Dataset records
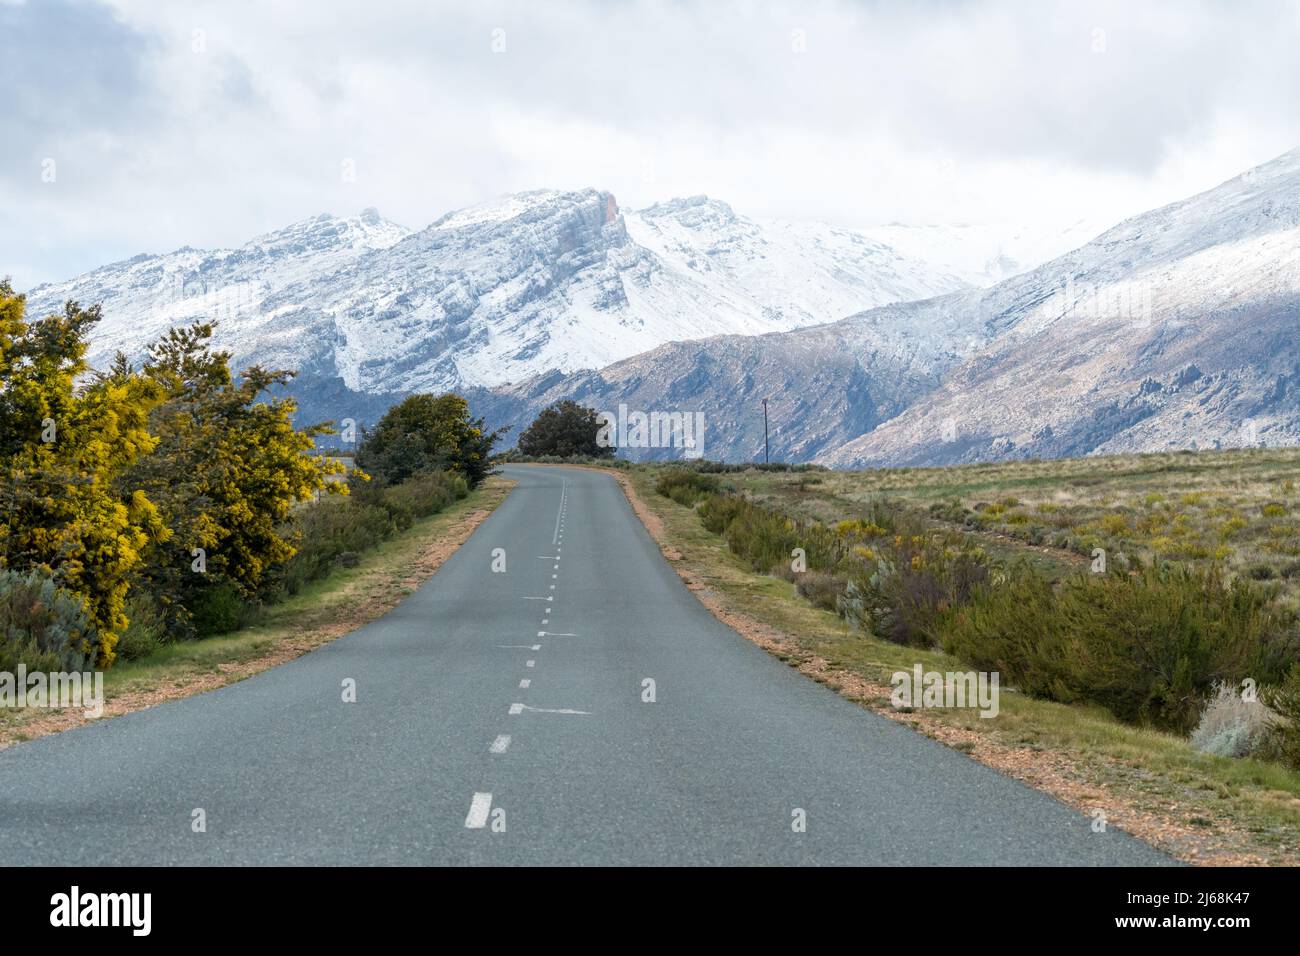 Asfalto o asfaltata strada senza fine che porta verso il paesaggio di montagne innevate a Ceres, Capo Occidentale, Sud Africa durante l'inverno Foto Stock
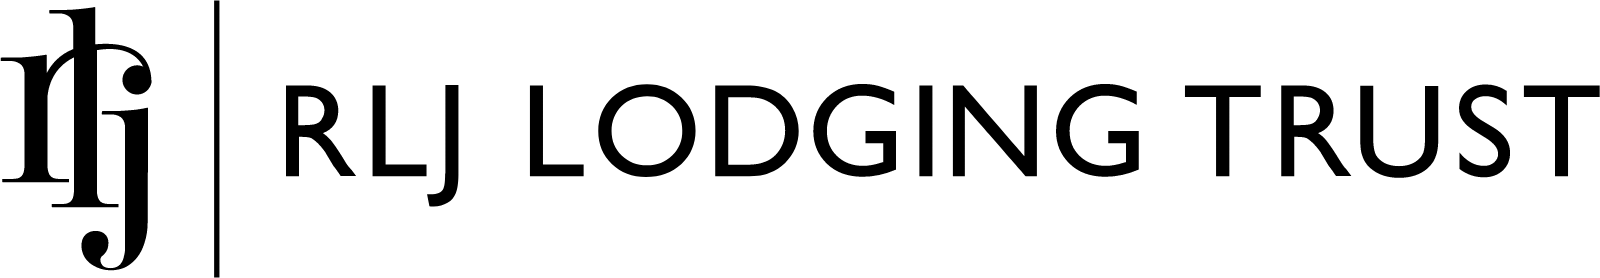 RLJ Lodging Trust logo large (transparent PNG)
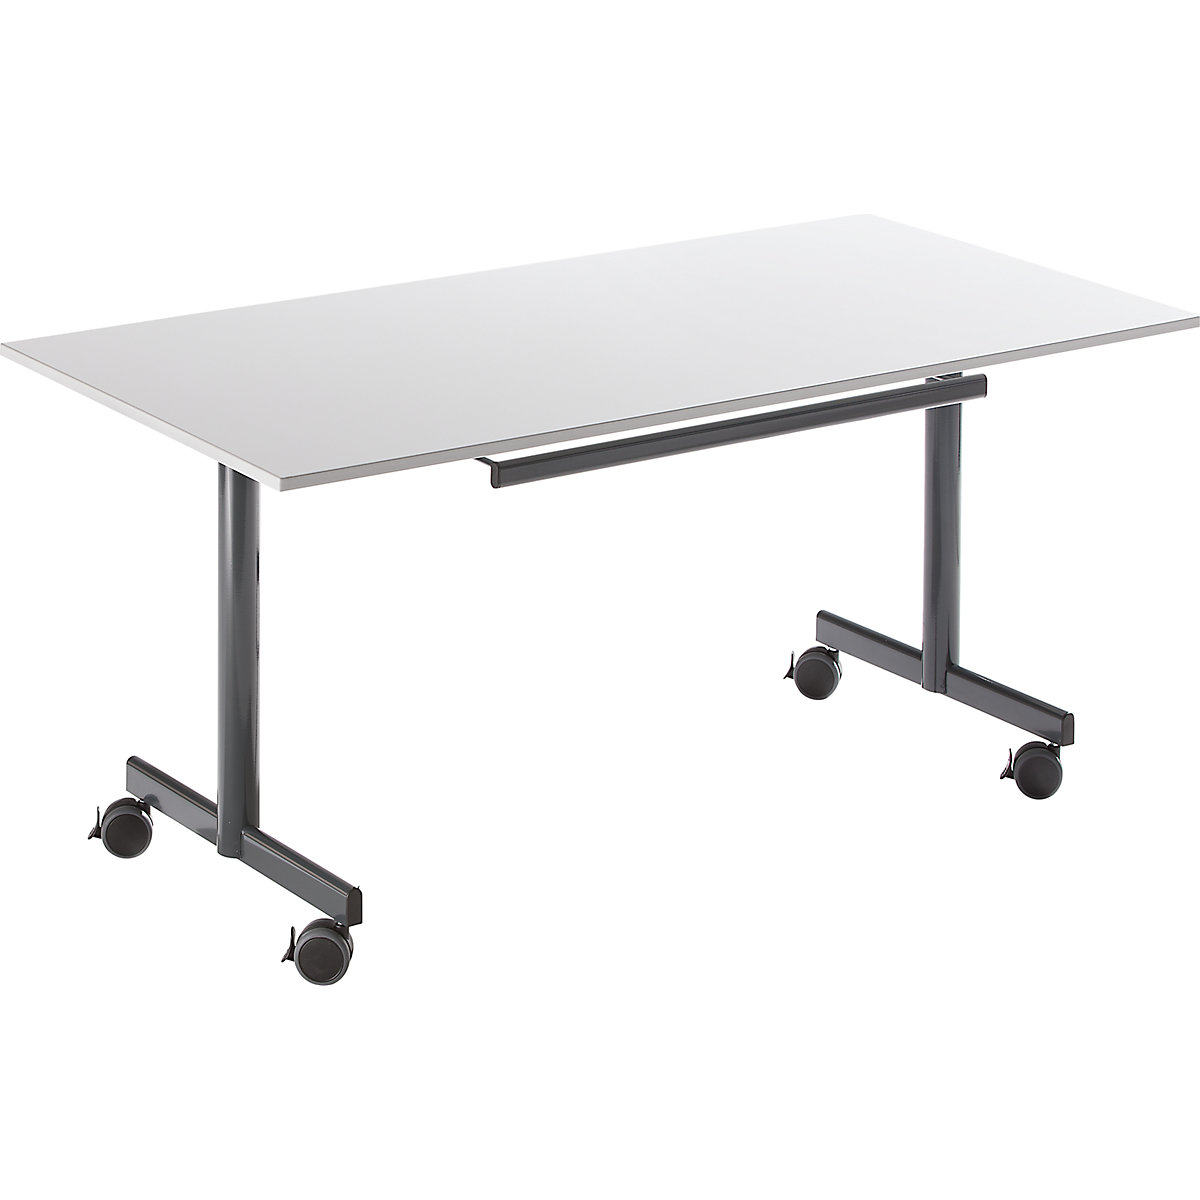 Tisch mit abklappbarer Platte, mobil, HxBxT 720 x 1400 x 800 mm, grau-3
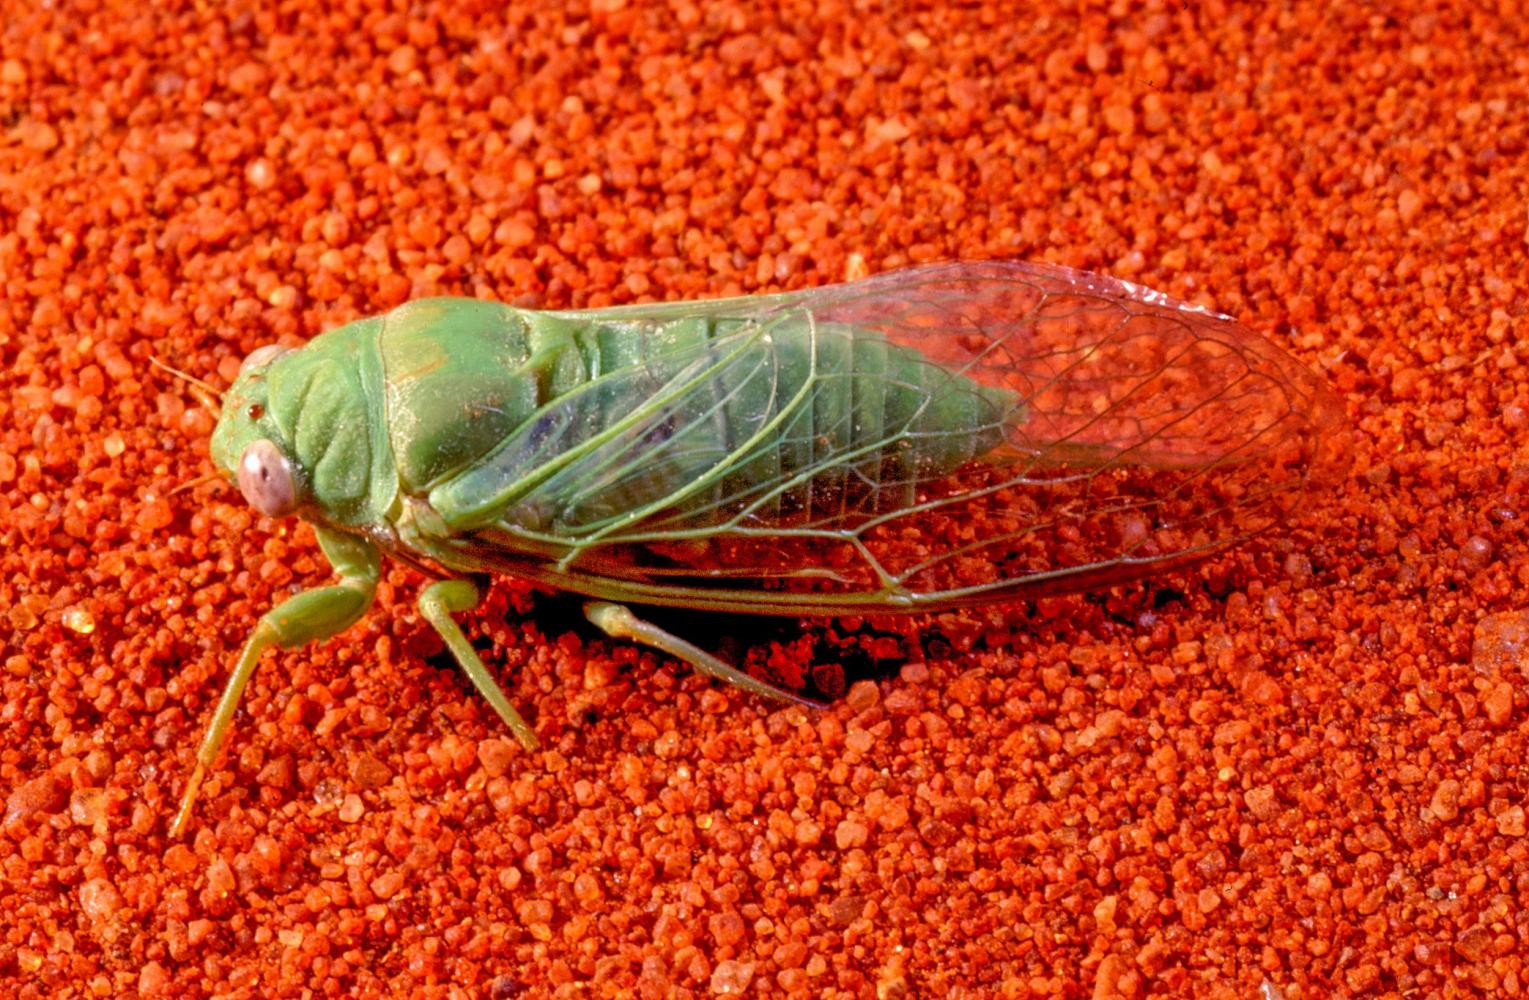 Including interesting cicadas ...
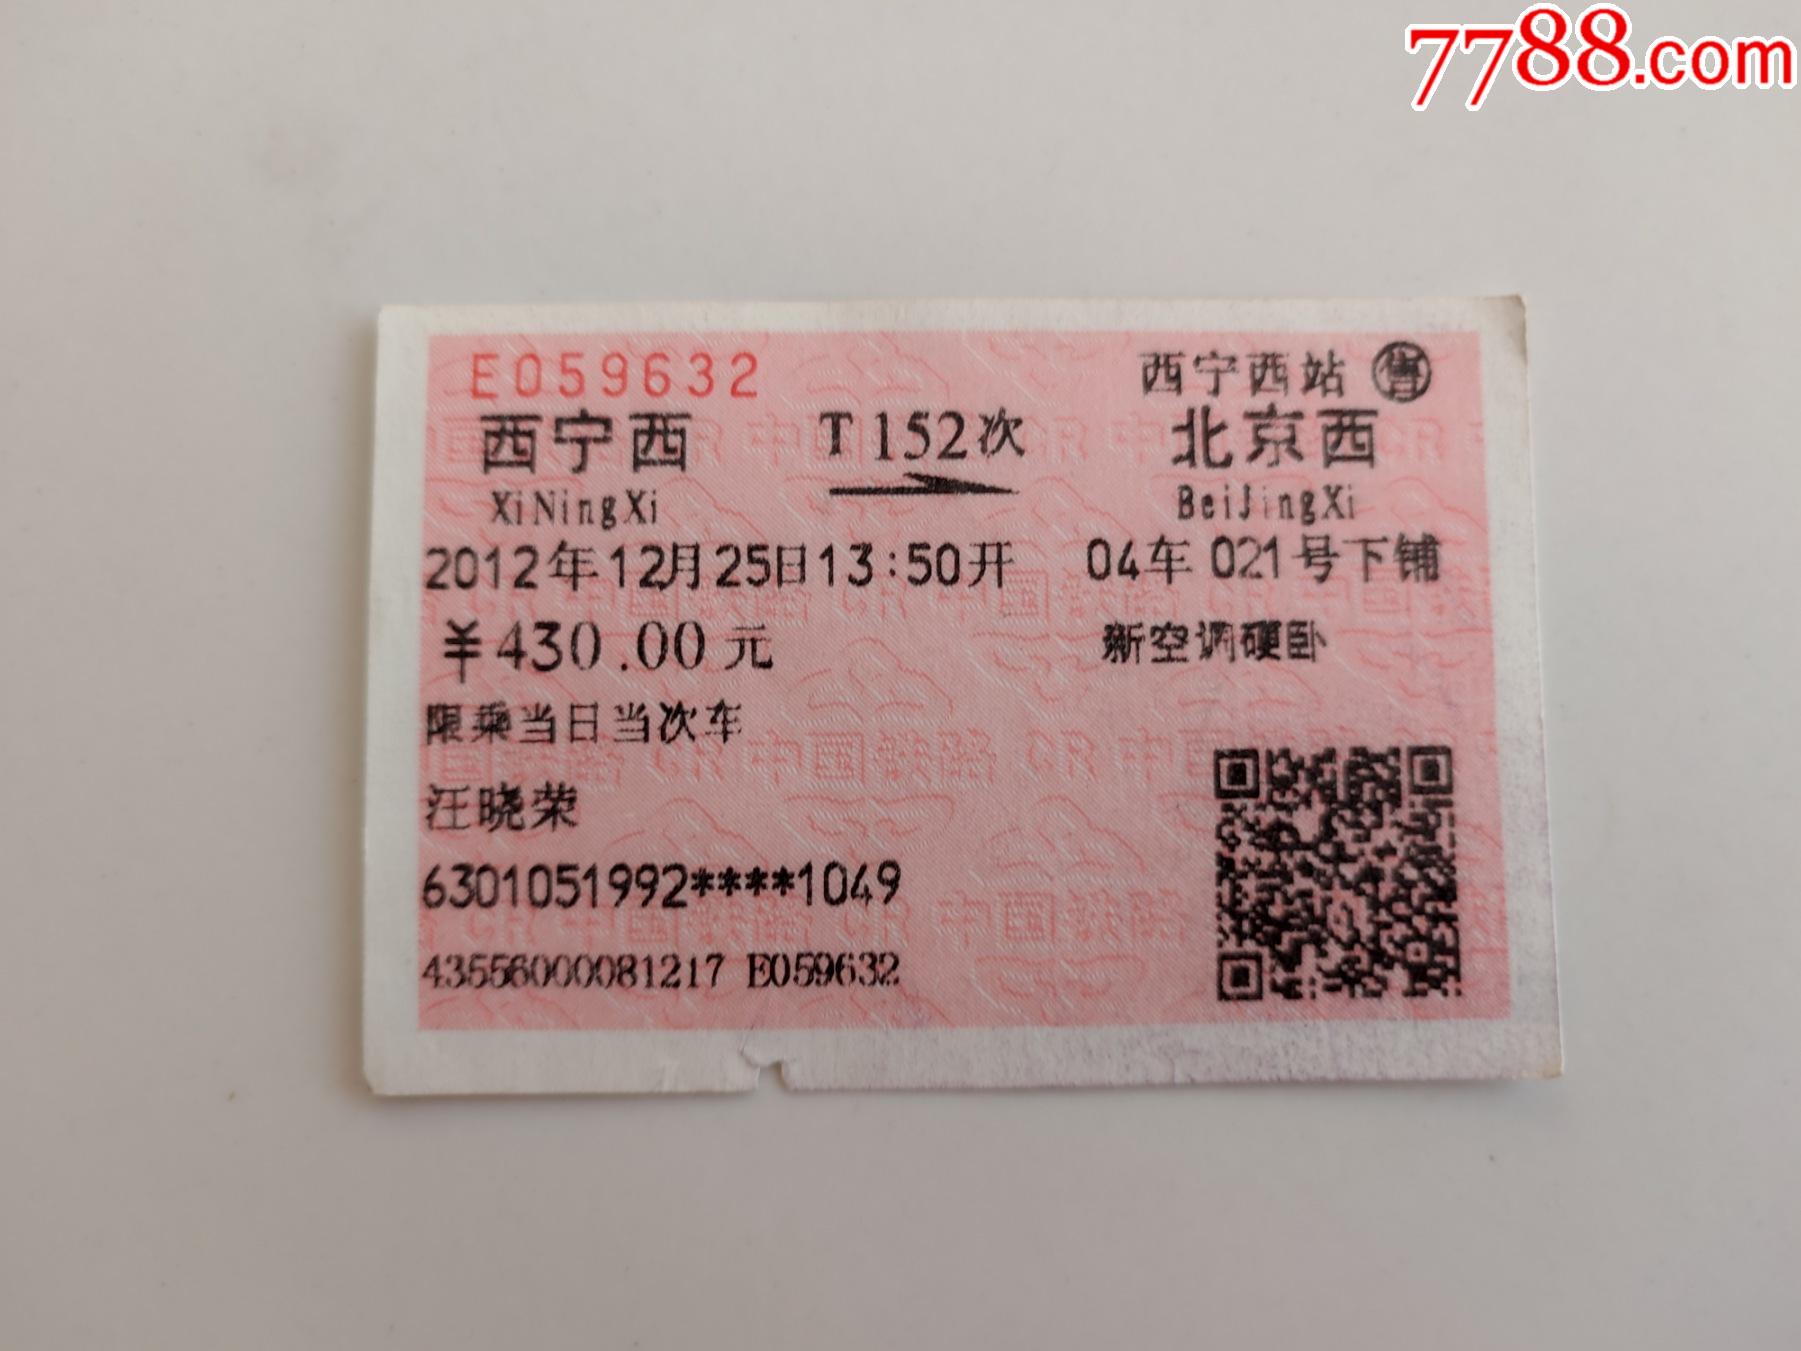 西宁西-t152次-北京西-价格:4元-se84706028-火车票-零售-7788收藏

▸ Required work
Make an exact copy of the records above. Keep out every picture.

▸ Reply to the exercise
 Asfalto o asfaltata strada senza fine che porta verso il paesaggio di montagne innevate a Ceres, Capo Occidentale, Sud Africa durante l'inverno Foto Stock
 RLJ Lodging Trust logo large (transparent PNG)
 Tisch mit abklappbarer Platte, mobil, HxBxT 720 x 1400 x 800 mm, grau-3
 Including interesting cicadas ...
 西宁西-t152次-北京西-价格:4元-se84706028-火车票-零售-7788收藏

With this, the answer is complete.